Enkele dagen na de bruiloft volgde Reinoud III zijn schoonvader Jan III van Brabant in de Slag bij Hamont (21 juli 1347) tegen de opstandige Luikenaren. De slag verliep desastreus voor het Hertogdom Brabant en Gelre, de 15-jarige Reinoud III raakte gewond en verloor belangrijke mannen als Hubert II van Culemborg en Robert van Arkel[5]. Hoewel Reinoud in de keuze voor een echtgenote de wens van zijn oom Edward III van Engeland niet had gevolgd, bleef hij zijn oom wel steunen in de Honderdjarige Oorlog met Frankrijk. Reinoud III kreeg in de periode 1348-1350 te maken met de Zwarte Dood die in Europa vele slachtoffers maakte en met een partijtwist tussen zijn edelen, de Heeckerens en Bronkhorsten[6]. Reinoud moest een keuze maken aan welke kant hij stond en koos uiteindelijk rond 1350 voor de Van Heeckerens. De Van Bronckhorsten, die toen nog in tel waren in het Hertogdom Gelre, wisten Reinouds 14-jarige jongere broer Eduard voor zich te winnen.

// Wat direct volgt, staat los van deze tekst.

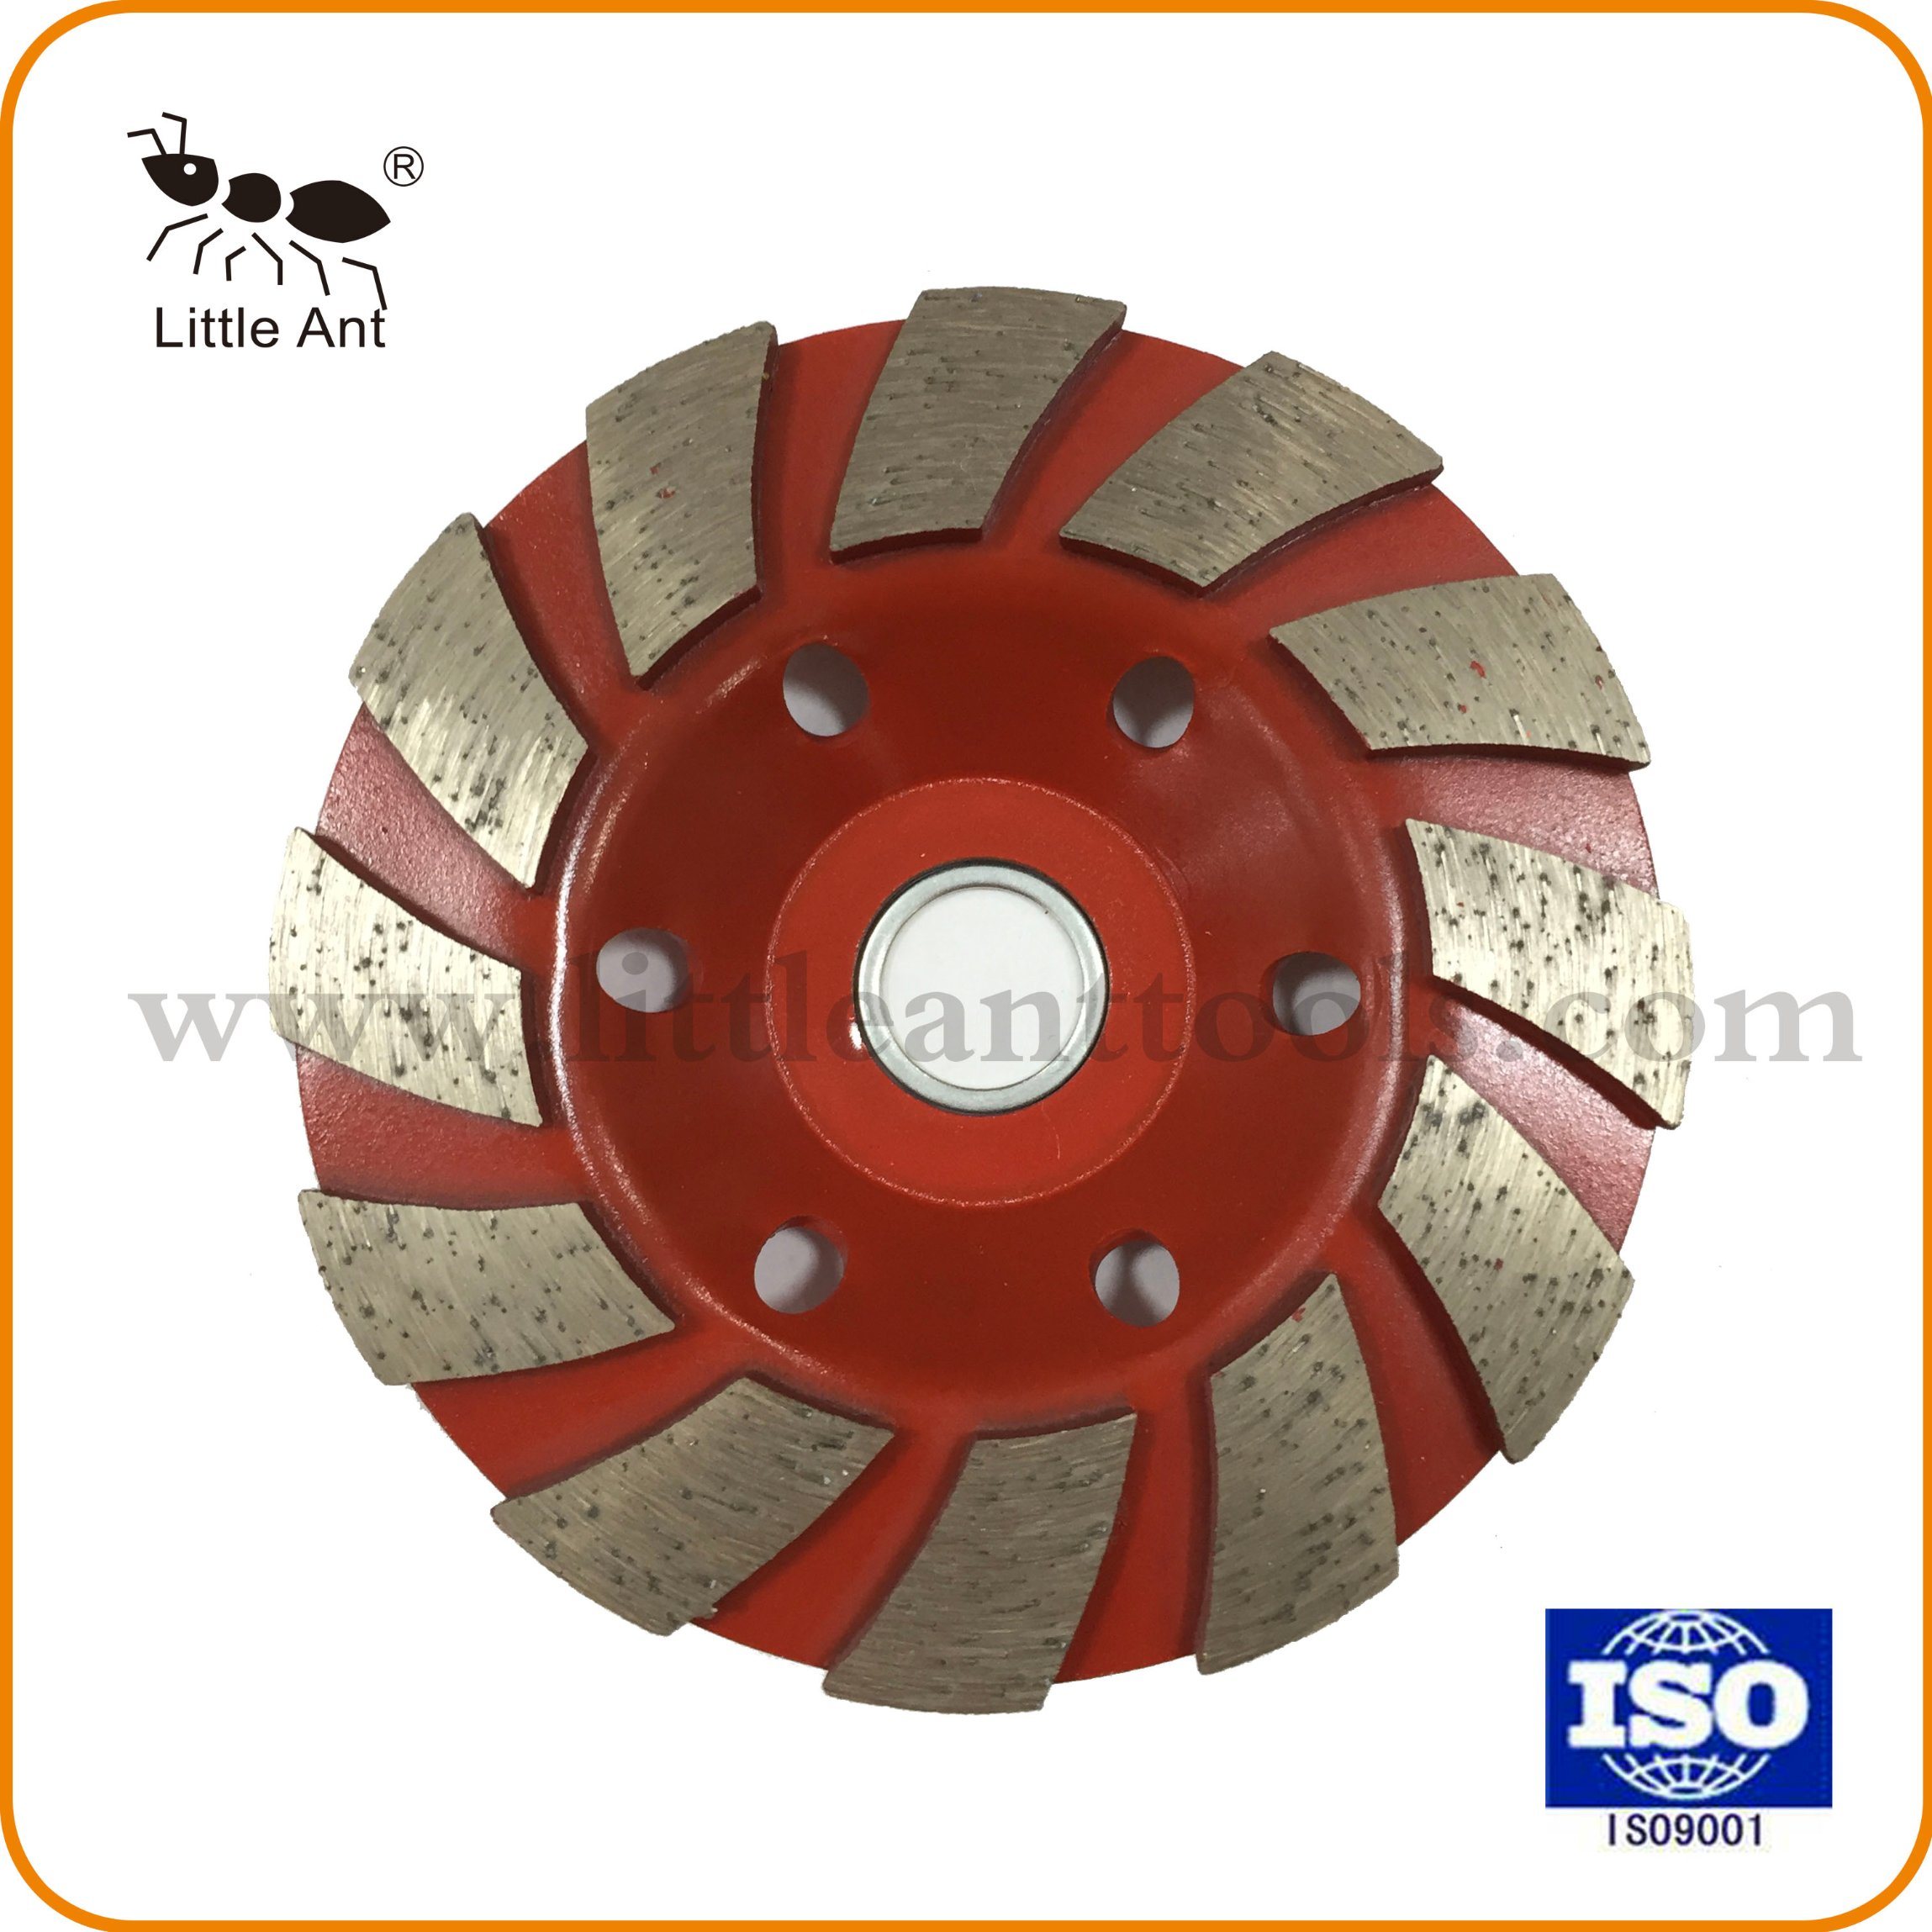 Hot Selling Diamond Cup Grinding Wheel for Concrete

Dit leidde tot de elf jaar durende Gelderse Broeder- en burgertwist (1350-1361)[7].
Reinoud of een van zijn aanhangers zat achter de moord op Emmerik van Druten, die enkele jaren daarvoor van partij gewisseld was[8]. Nadat Reinoud III het onderspit dreigde te delven in deze Gelderse Broederstrijd, gaf hij privileges aan de boeren op de Veluwe. Zij werden hierdoor vrije boeren en trokken met Reinoud op tegen Eduard. In de Slag op de Vrijenberg op 19 juli 1354 werden Reinoud en zijn boerenaanhang vernietigend verslagen[9]. Na de dood van zijn schoonvader in 1355 mengde Reinoud III zich ook even in de Brabantse Successieoorlog (1355-1357).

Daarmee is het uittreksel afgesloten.